(Recorded information Opens)

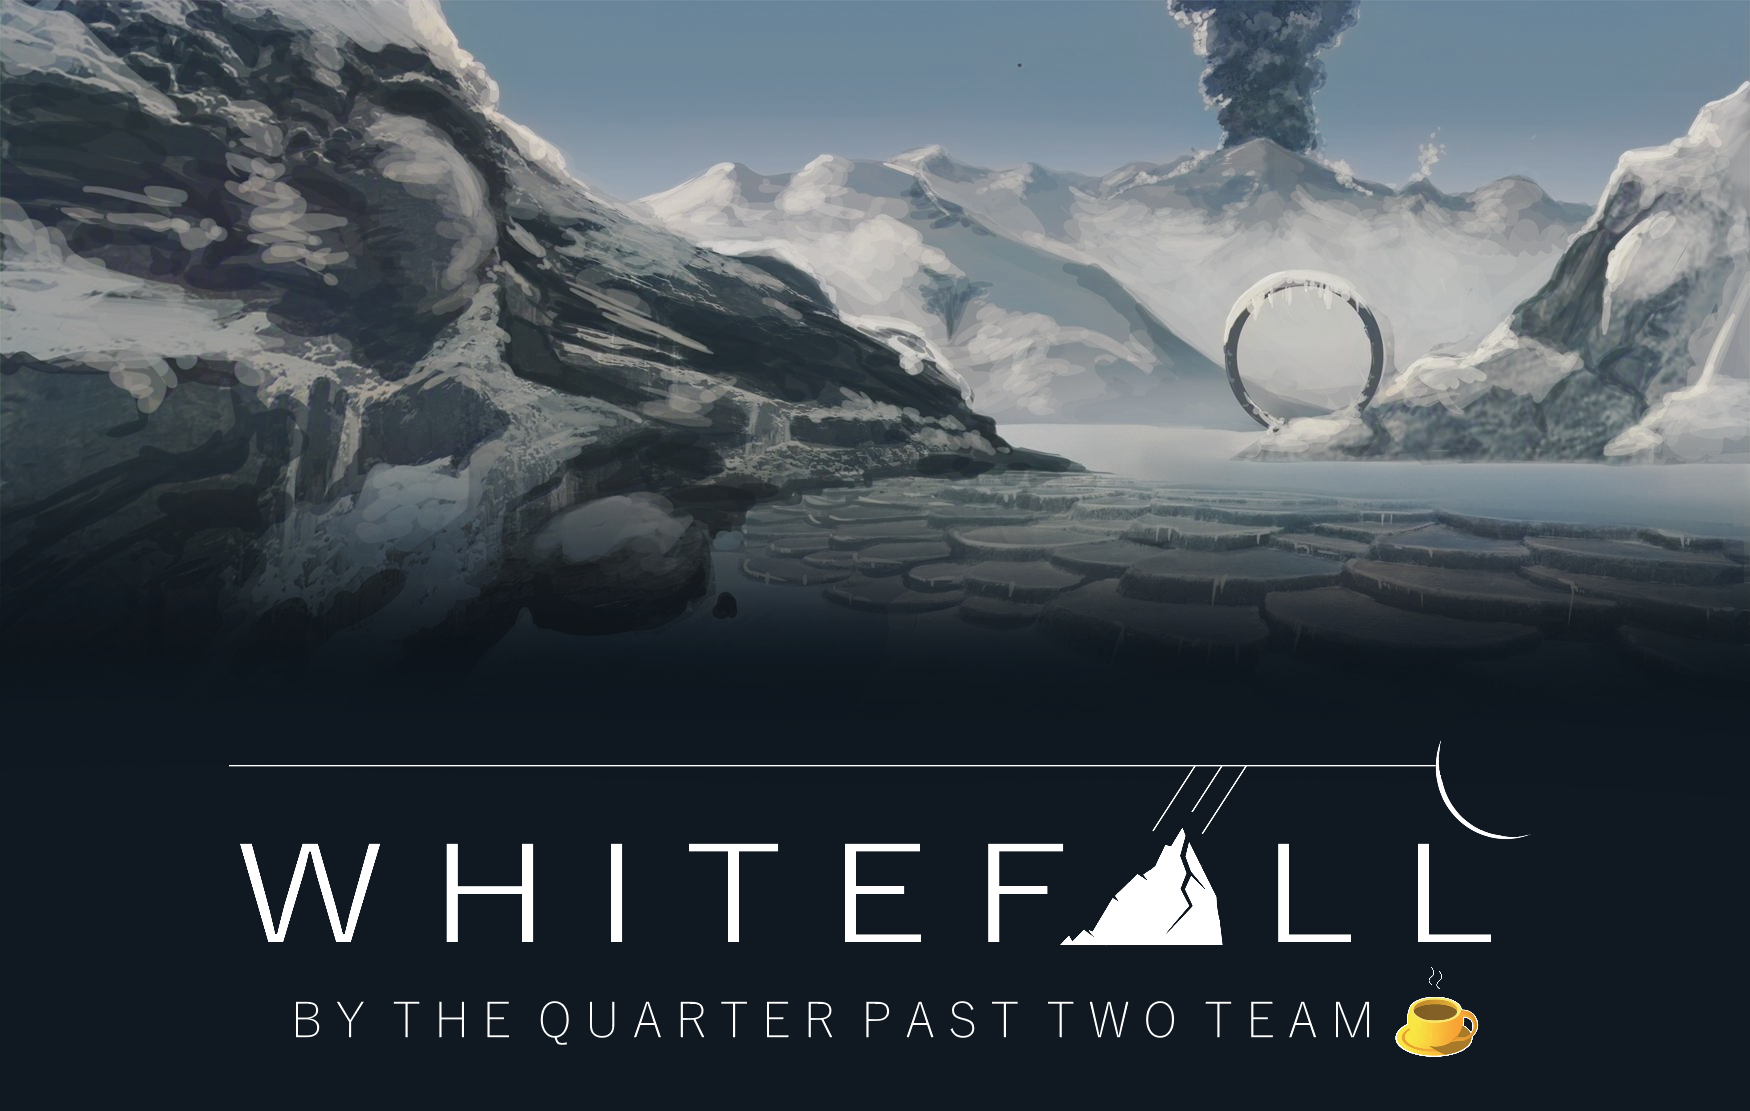 Whitefall
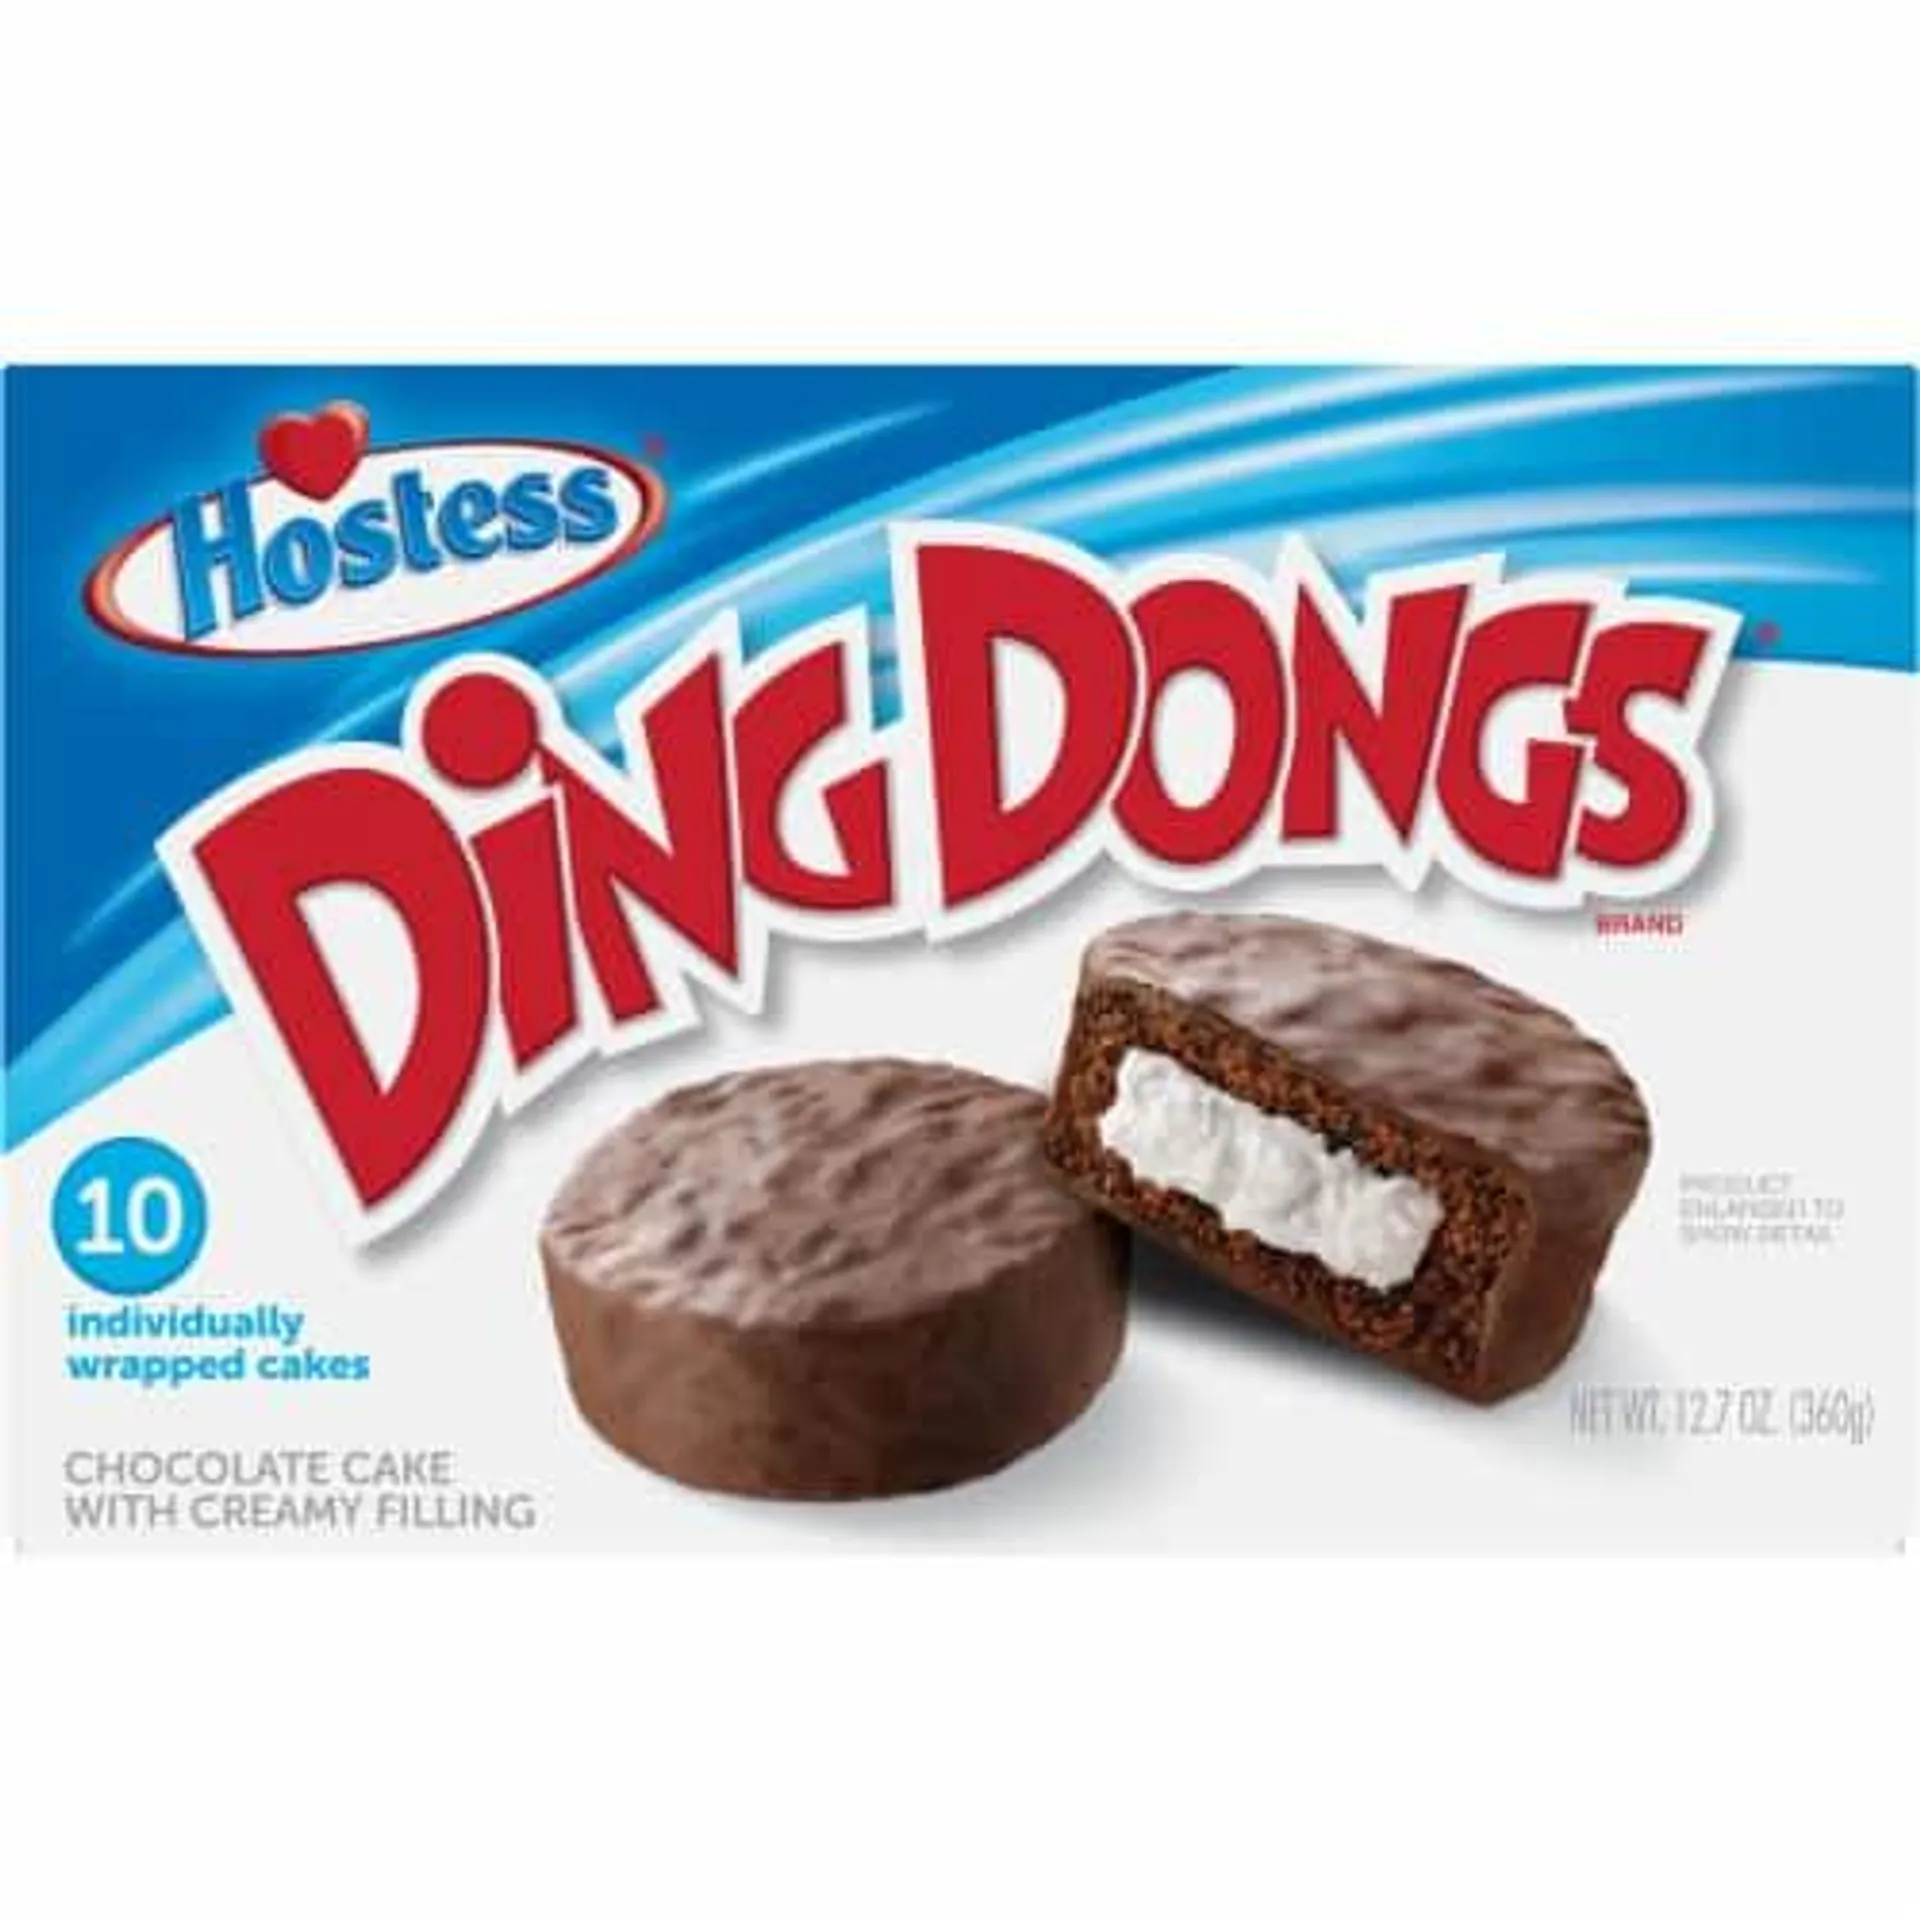 HOSTESS Chocolate DING DONGS, Creamy Filling, Individually Wrapped
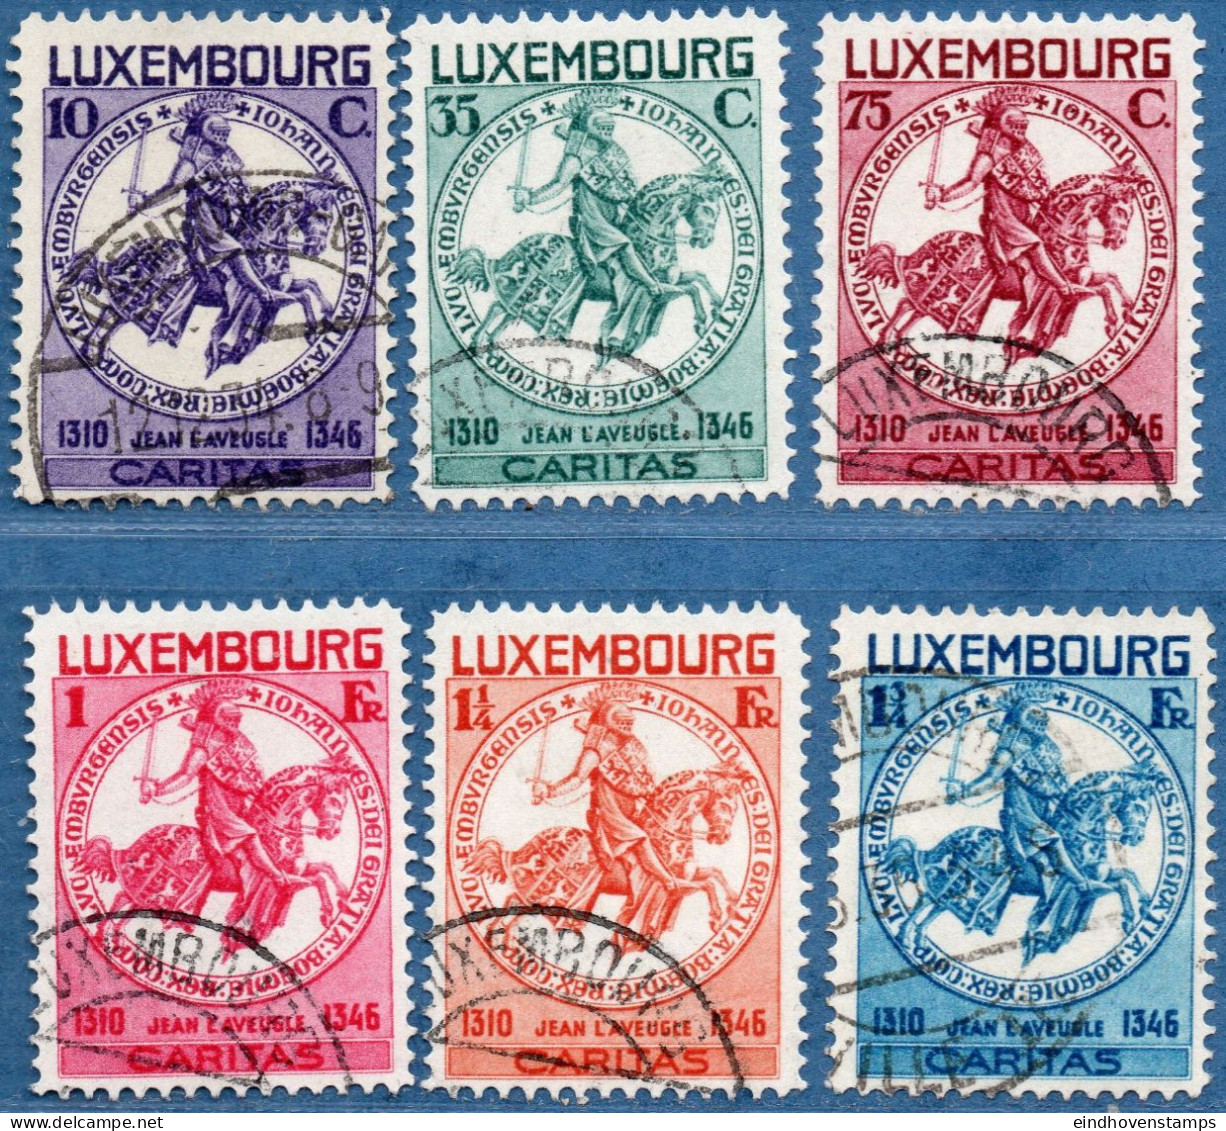 Luxemburg 1934 Caritas Stamps Seal Of Count John The Blind Of Luxemburg 6 Values Cancelled - Oblitérés

(Recorded information Closes)

* Action item *
Across the whole listing above, repeat each line exactly and leave out the images.

* Task result *
 Whitefall
 HOSTESS Chocolate DING DONGS, Creamy Filling, Individually Wrapped
 Luxemburg 1934 Caritas Stamps Seal Of Count John The Blind Of Luxemburg 6 Values Cancelled - Oblitérés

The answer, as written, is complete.